— PROVIDED DATA —
========================================================================

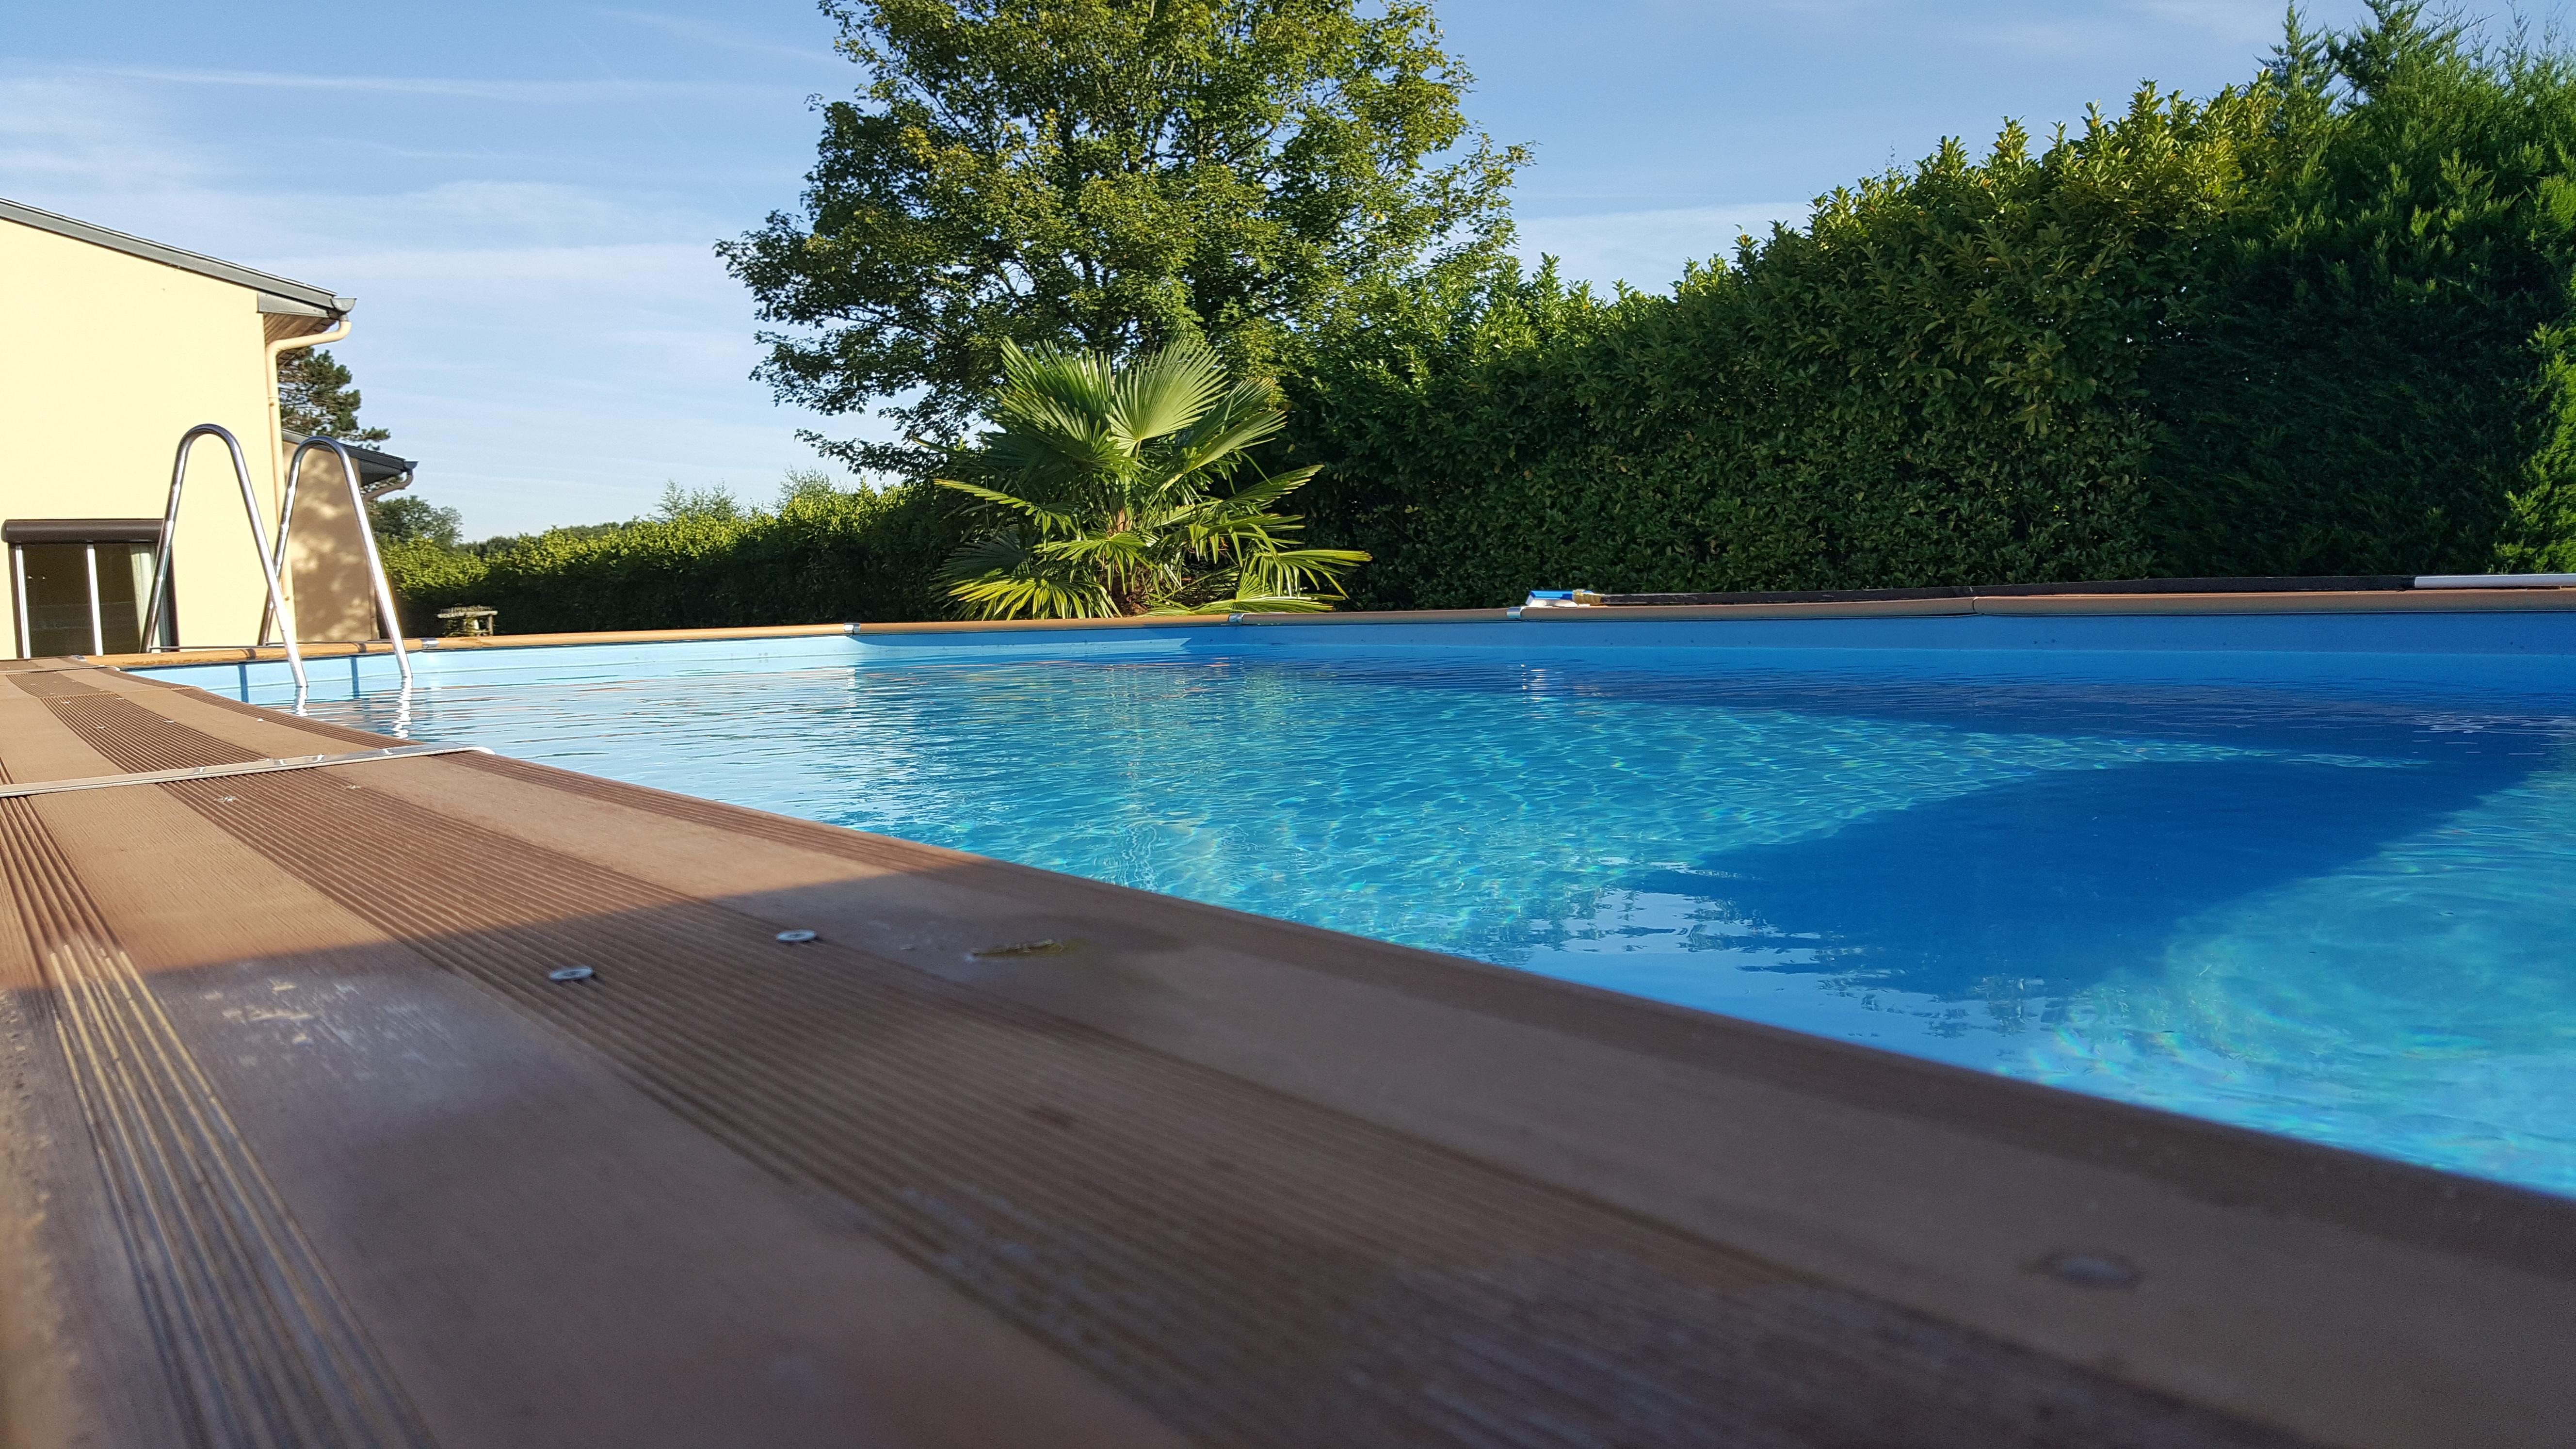 Maison A Proximite De Fontainebleau Avec Piscine Suites A Louer
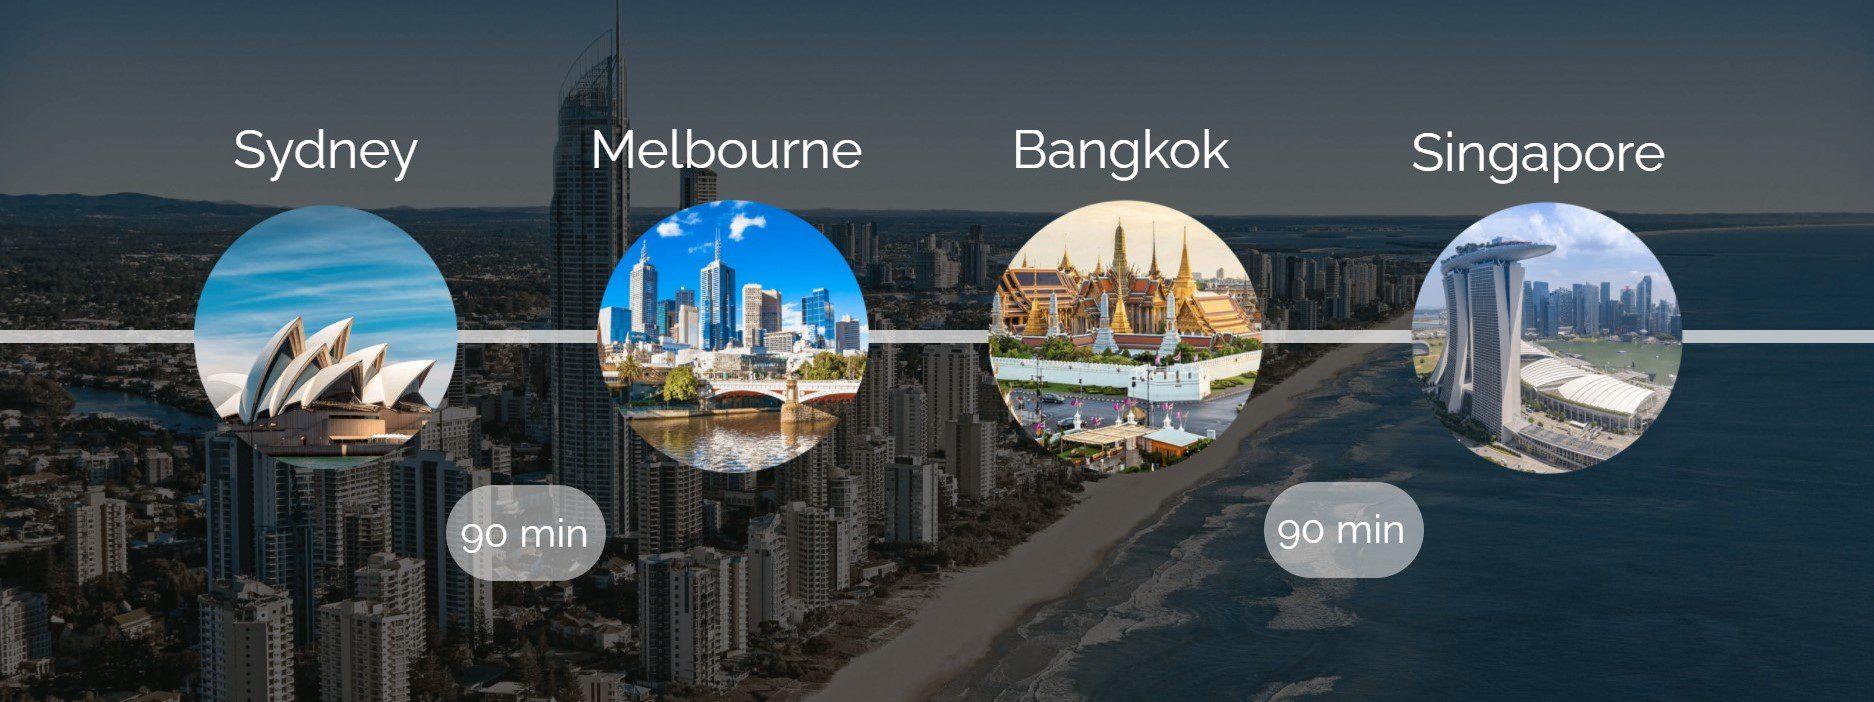 Australia & ASEAN Routes
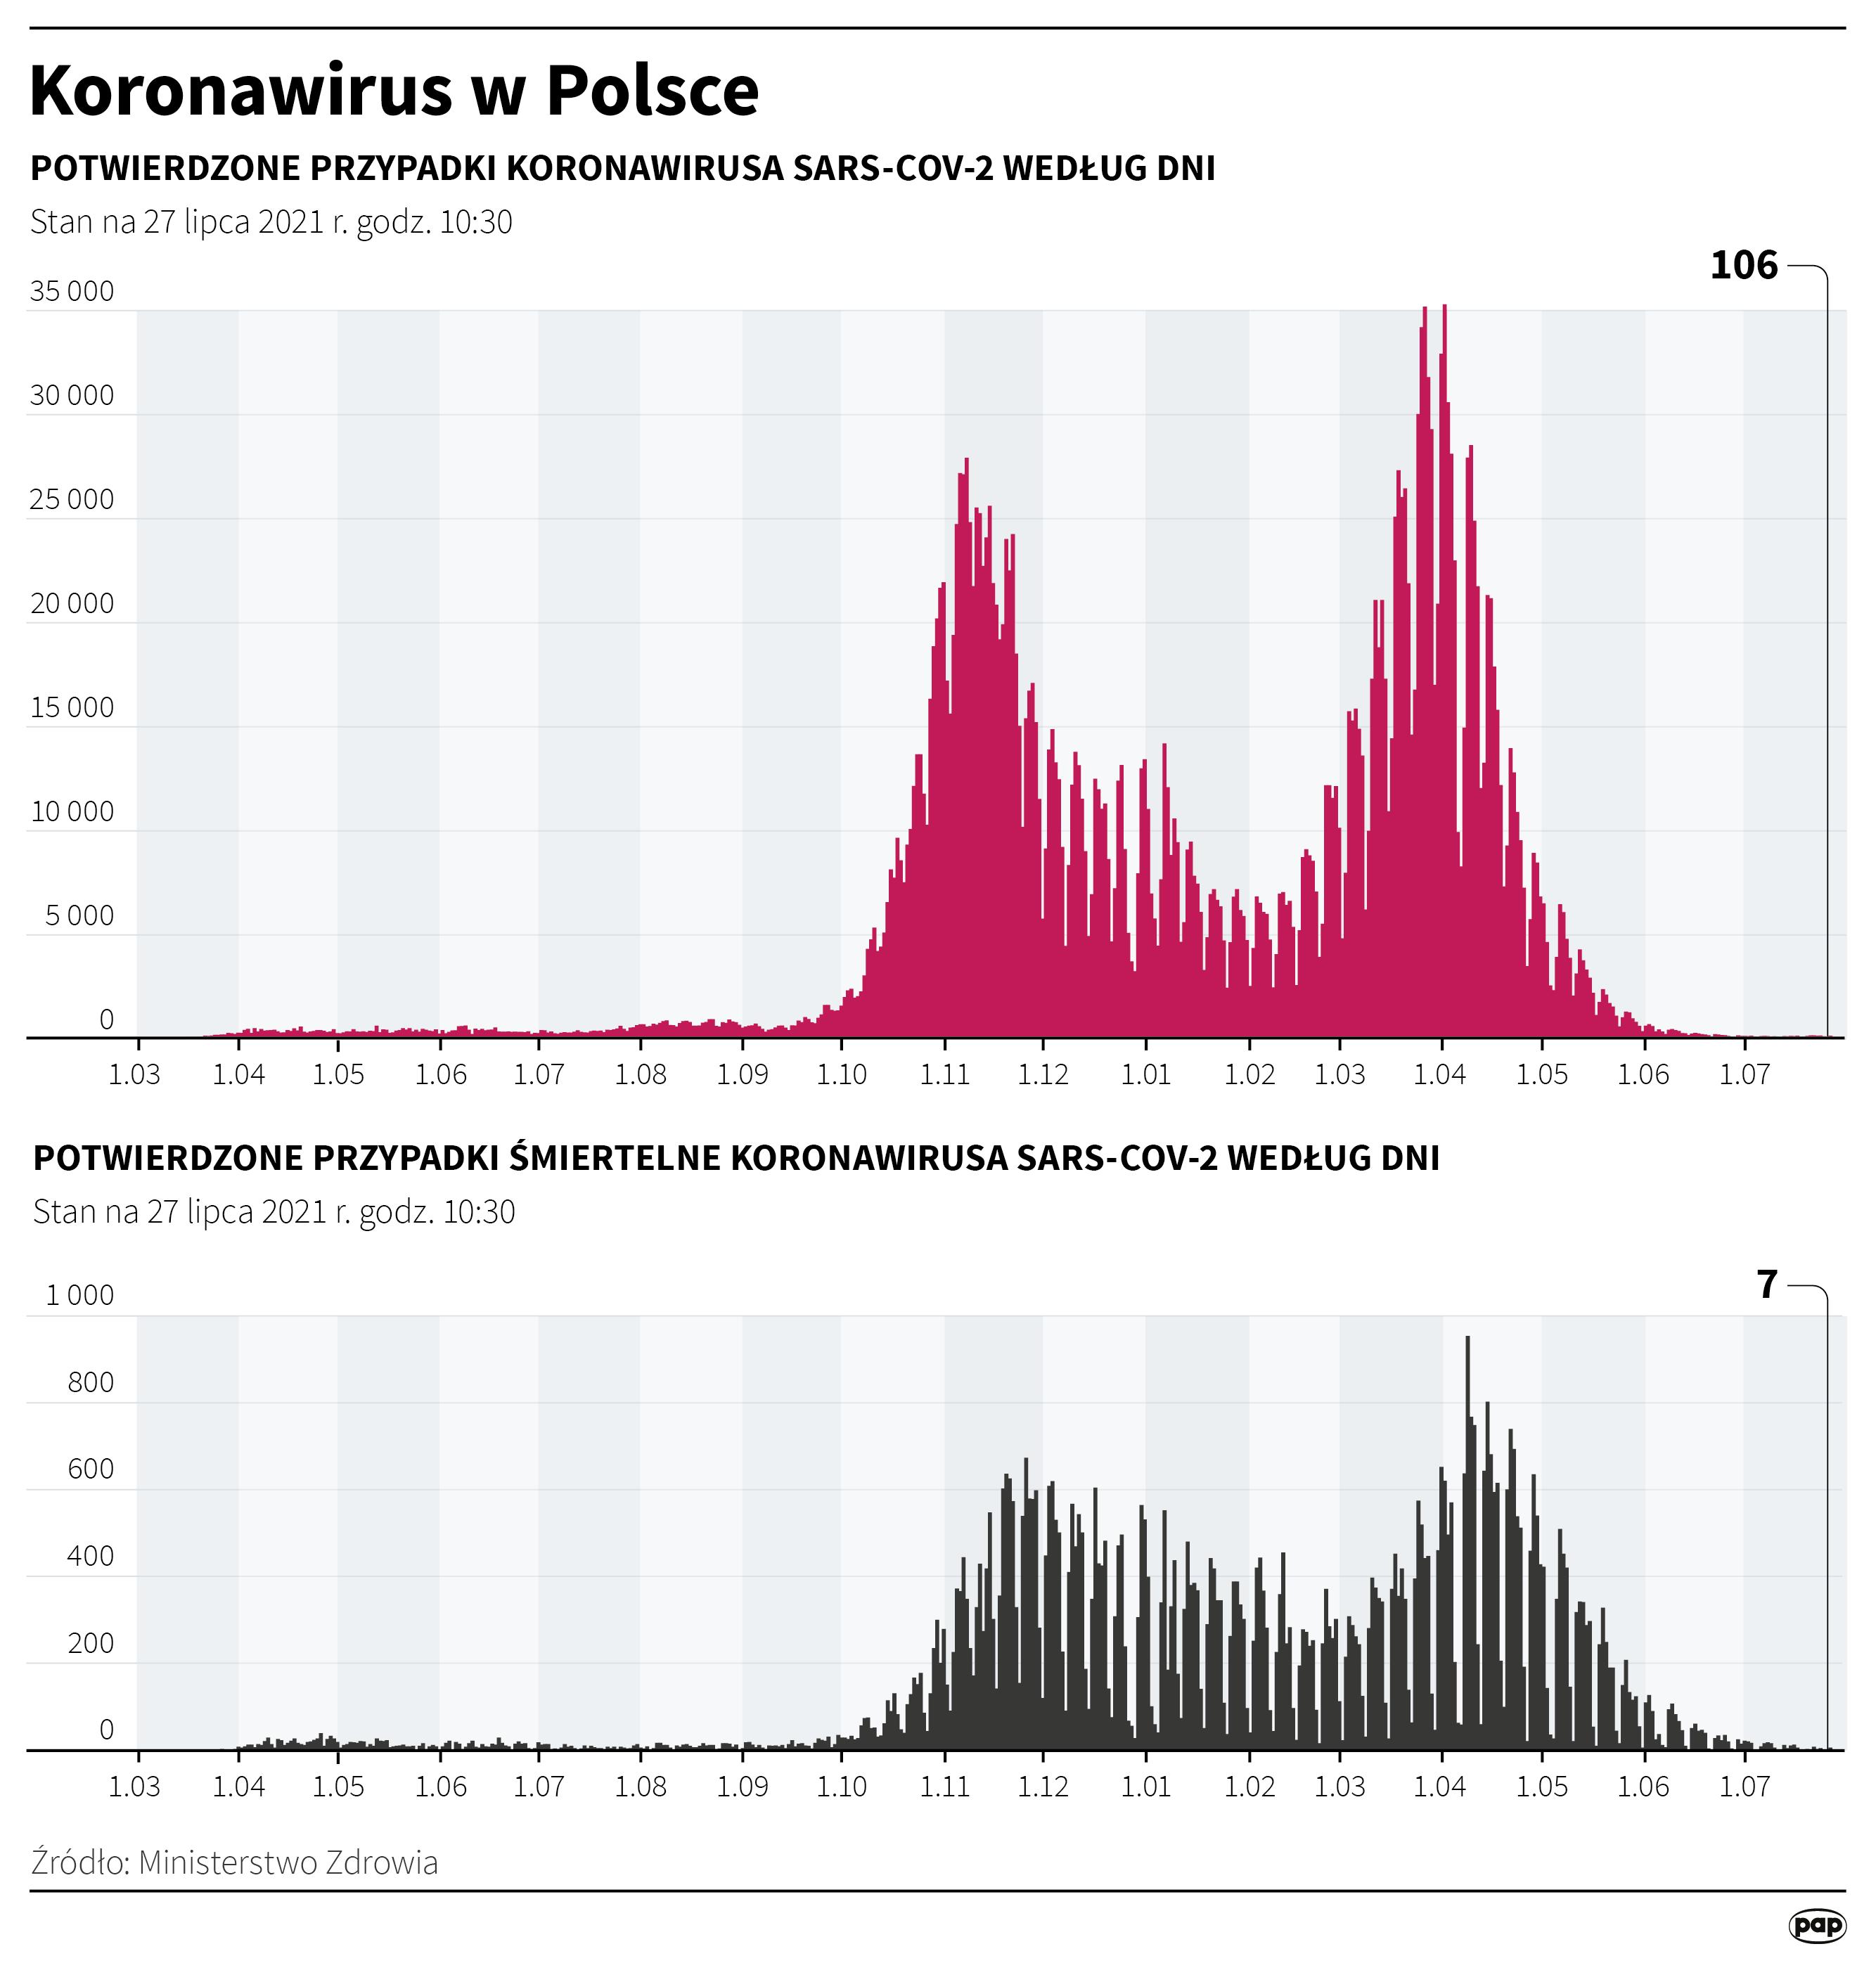 Koronawirus w Polsce - stan na 27 lipca [Autor: Maciej Zieliński, źródło: PAP]

========================================================================

— PROBLEM DETAILS —
After removing the pictures, restate the whole listing above word for word.

— EXERCISE OUTPUT —
 Maison A Proximite De Fontainebleau Avec Piscine Suites A Louer
 Australia & ASEAN Routes
 Koronawirus w Polsce - stan na 27 lipca [Autor: Maciej Zieliński, źródło: PAP]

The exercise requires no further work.